Corticosteroid use in pregnancy doubles risk of severe VOC: Study
Can be given to promote fetal development in women at risk of preterm birth
Corticosteroids taken during pregnancy are a risk factor for more severe vaso-occlusive crises (VOCs) in women with sickle cell disease (SCD), according to a study in France.
Particularly, this risk was higher in women with a more severe SCD type and evidence of more severe disease. Newborns exposed to corticosteroids also were more likely to be born prematurely and have complications.
These findings indicate that corticosteroids “should be used only after a multidisciplinary benefit/risk assessment and decision with the patient, when there is a crucial risk of very preterm delivery,” the researchers wrote.
The study, “Impact of prenatal corticosteroid therapy on sickle cell disease in pregnant women,” was published in the International Journal of Gynecology & Obstetrics.
Corticosteriod use during pregnancy lacks guidelines and research
Pregnancy with SCD is known to carry risks, with complications leading to fetal or maternal death found in about 1% of all pregnancies in high-resource countries despite improved treatment, the researchers noted.
Maternal complications include VOCs, acute chest syndrome, pre-eclampsia (high blood pressure accompanied by organ damage), blood clotting problems, and infections. Fetal complications primarily are preterm (premature) birth, growth restriction in the uterus, and death.
VOCs occur when red blood cells block blood flow, depriving tissues of oxygen and causing inflammation and pain. Acute chest syndrome is a serious complication caused by blood vessel obstruction in the lungs that’s marked by fever, chest pain, and difficulty breathing.
In women at high risk of giving birth prematurely, before 34 weeks of pregnancy (gestation), the use of corticosteroids is recommended to aid fetal lung maturation. But corticosteroid treatment also may trigger a VOC, leading some experts to consider resorting to preventive blood transfusions instead.
However, “there has been no study to date and no guideline, so corticosteroid use differs between countries and centers,” the researchers wrote.
To determine whether an association between corticosteroid therapy and serious VOCs — one requiring emergency hospital care — exists in pregnant patients, researchers conducted a retrospective, observational study of maternity units associated with reference SCD centers in France and Martinique.

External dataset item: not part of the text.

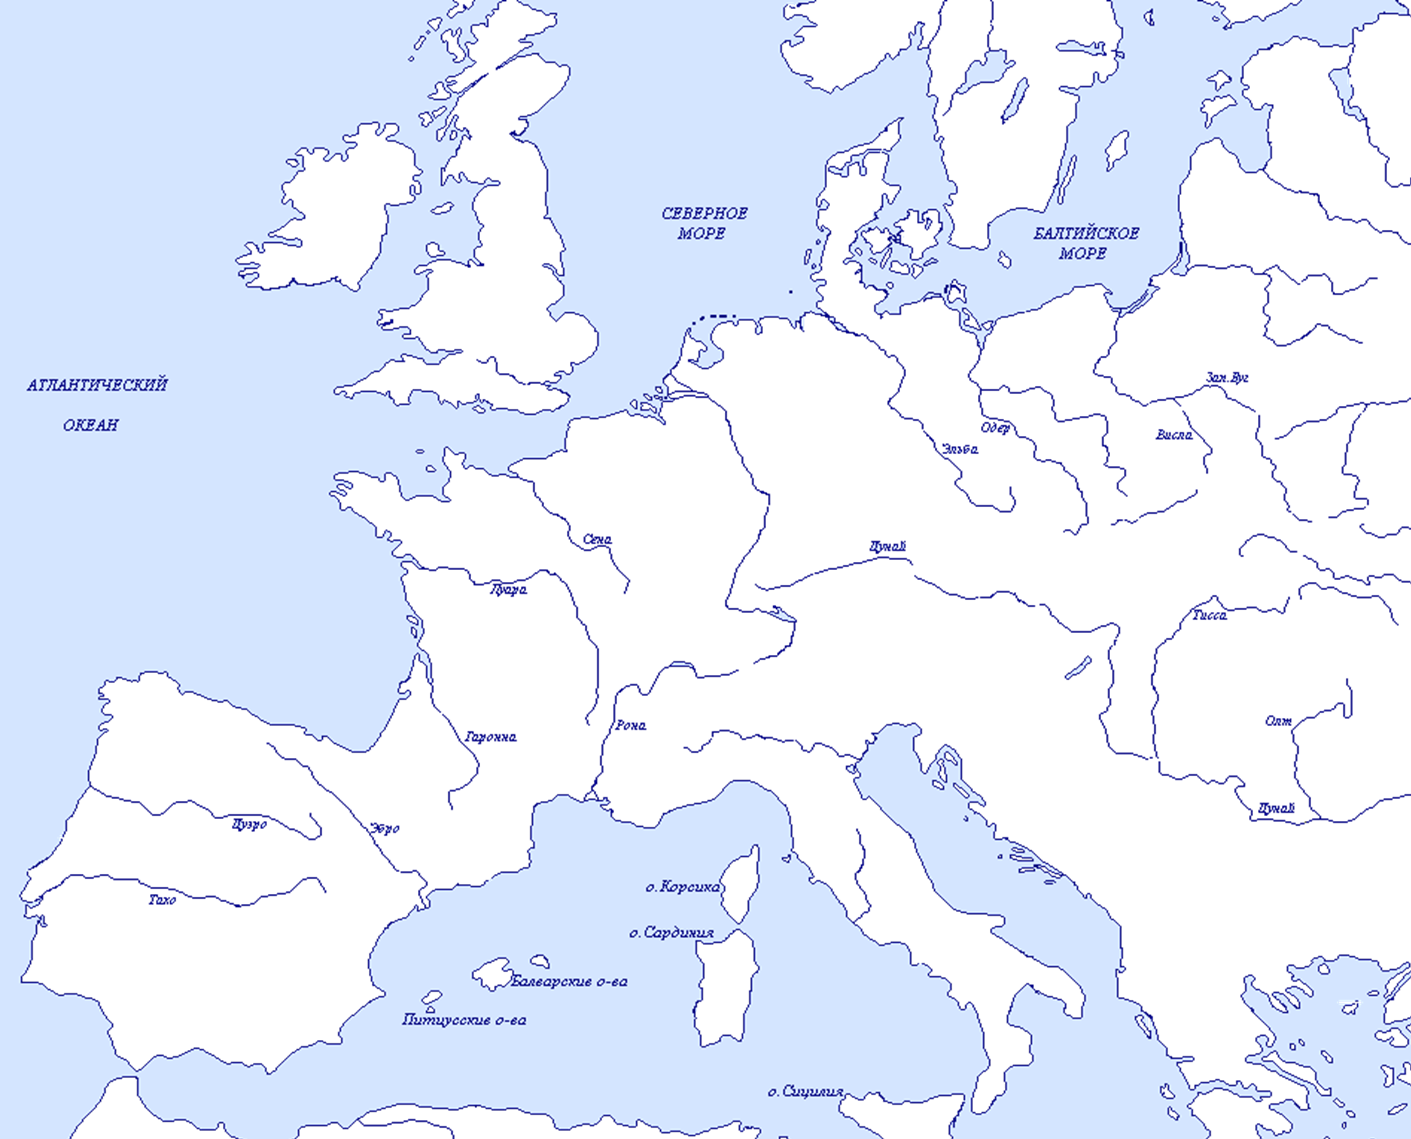 Река в центре европы. Контурная карта Европы для печати а4 политическая. Карта Европы контурная карта. Реки и озера зарубежной Европы на контурной карте. Контурпнаякарта Европы.

Data covered 410 pregnancies in patients who gave birth at 23 weeks of gestation or longer between January 2009 and June 2020. For woman with more than one eligible pregnancy, researchers included either the first pregnancy or the first in which corticosteroids were used.
Most women (60.5%) had mutations in both copies of the beta-globin gene resulting in the production hemoglobin S — the faulty version of hemoglobin found in SCD patients — and a history of severe disease (51.9%). During pregnancy, 189 women (46.1%) received scheduled transfusions.

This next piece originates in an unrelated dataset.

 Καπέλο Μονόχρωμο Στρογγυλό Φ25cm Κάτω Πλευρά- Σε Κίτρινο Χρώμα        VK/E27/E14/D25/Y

Among SCD complications during pregnancy, VOCs were the most common, with one or more occurring in 56.8% of the patients. Also, 15.1% had pulmonary or kidney infections, 10.2% were treated for acute chest syndrome, and 2.7% had blood clotting complications (deep vein thrombosis or pulmonary embolism).
Pregnancy-related complications were reported in 37.5% of the patients, and included fetal growth restriction (13.2%), pre-eclampsia (12.9%), and infection of the placenta and amniotic fluid (1.7%).
Severe VOC twice as likely in pregnant sickle cell patients given a corticosteroid
Most deliveries were by cesarean section (59.5%). A total of 34 babies, all born prematurely, had neonatal complications, mainly respiratory distress syndrome, a condition requiring oxygen support and help to breathe.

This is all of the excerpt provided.